Although OpenAI was founded in 2015 as a nonprofit research facility to advance AI research for society as a whole, the individual plaintiffs allege that a $1 billion investment from Microsoft in 2019, followed by a $10 billion follow-up investment earlier this year, has shifted OpenAI’s organizational structure in concerning ways. The plaintiffs further allege that much of this new profit model is supported by secret web-scraping activities that pull data from copyrighted content, including writings and images, and user’s social media posts.

In discussing the property and privacy rights at issue, the class action plaintiffs draw parallels between ChatGPT’s web-scraping activities and those of facial recognition firm Clearview AI, which entered a settlement last May to terminate a lawsuit alleging that its web-scraping violated Illinois’ biometric privacy law. This lawsuit also pushed Clearview AI to register as a data broker in at least California and Vermont; OpenAI registering as such would enable consumers in those states to opt out of its data collection practices.

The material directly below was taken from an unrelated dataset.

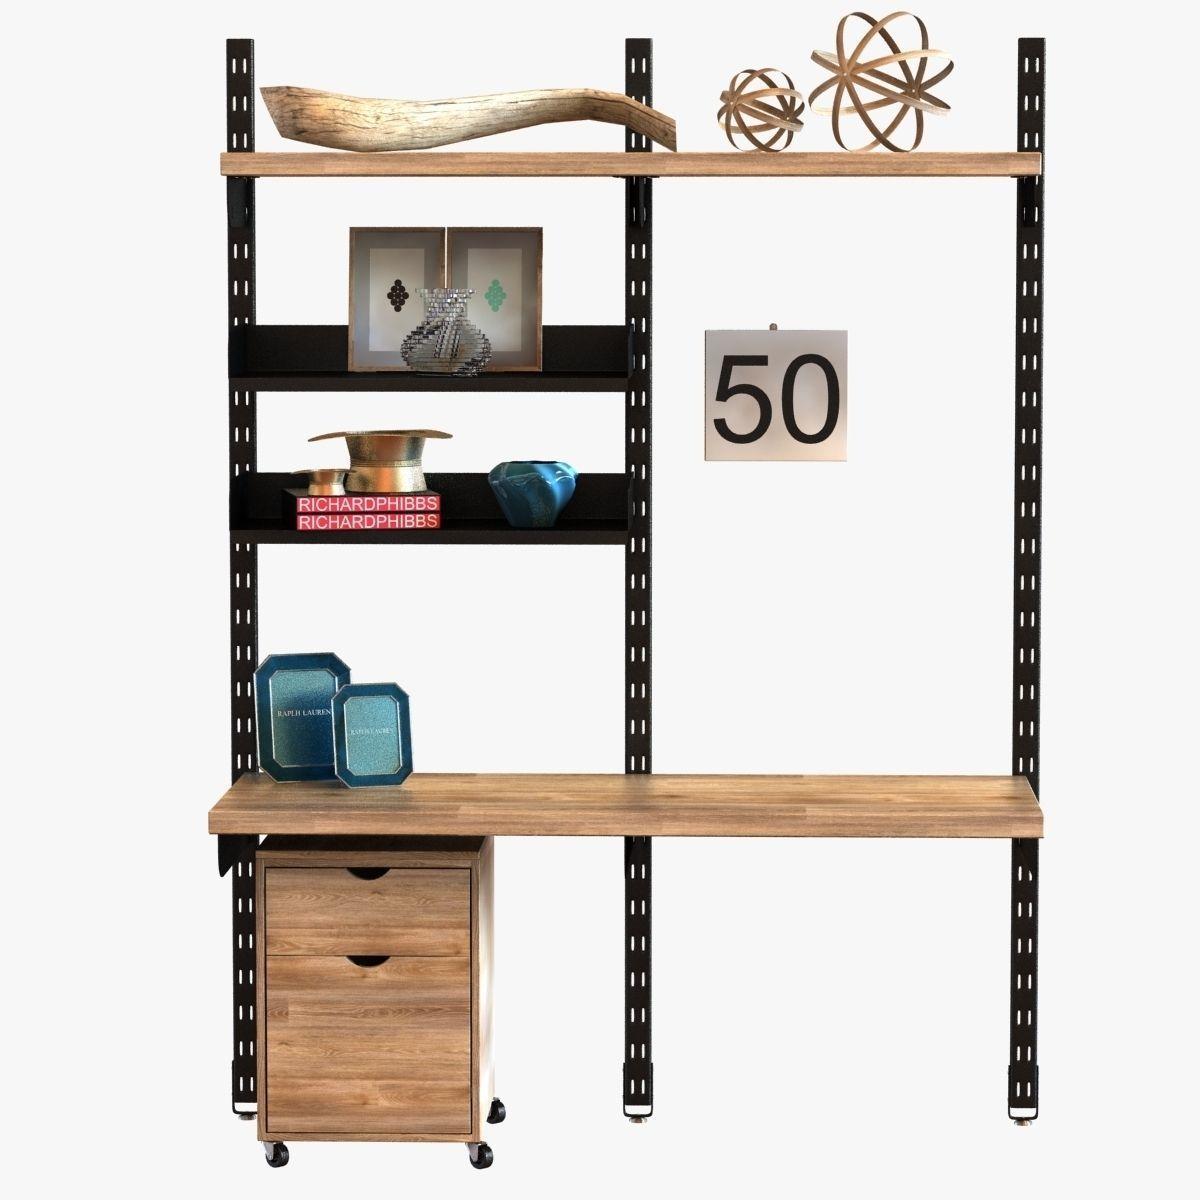 Design Workshop Modular Wall Storage System 3d Model Max

OpenAI’s data scraping activities arguably violate the property right that U.S. consumers hold in their personal data, a premise which U.S. courts have acknowledged in rulings like the Northern District of California’s 2021 decision in Calhoun v. Google. The plaintiffs allege that the personal information of most Internet users can be valued at anywhere from $15 to $40 per person, and the value of an individual’s online identity can increase to $1,200 when sold on the dark web.

Court-Ordered Data Dividend Could Vindicate Violation of Consumers’ Data Rights

The Ninth Circuit, the appellate court for the Northern District of California, has also found that California law recognizes a legal interest in profits unjustly earned from the misappropriation of personal data in In re: Facebook, Inc. Internet Tracking Litigation (2020). The plaintiffs argue that this legal interest could be vindicated by the Northern California district court if it were to order OpenAI to pay a “data dividend” to consumers during the period of misappropriated use. At least, OpenAI should pay a fair market value determinable by expert testimony submitted at trial.

The plaintiffs in the class action suit also allege that OpenAI’s web-scraping activities violate important privacy interests protected by law, the plaintiffs argue. OpenAI’s collection of personal information was carried on in secret, preventing at least California citizens from exercising their statutory rights to request deletion of their personal data. The plaintiffs further allege that OpenAI’s use of personal data aggregation to attract multi-billion dollar investments from Microsoft qualifies as the sale of personal data that, according to legislative history leading up to 2020’s enactment of the California Privacy Rights Act, Californians have the right to control.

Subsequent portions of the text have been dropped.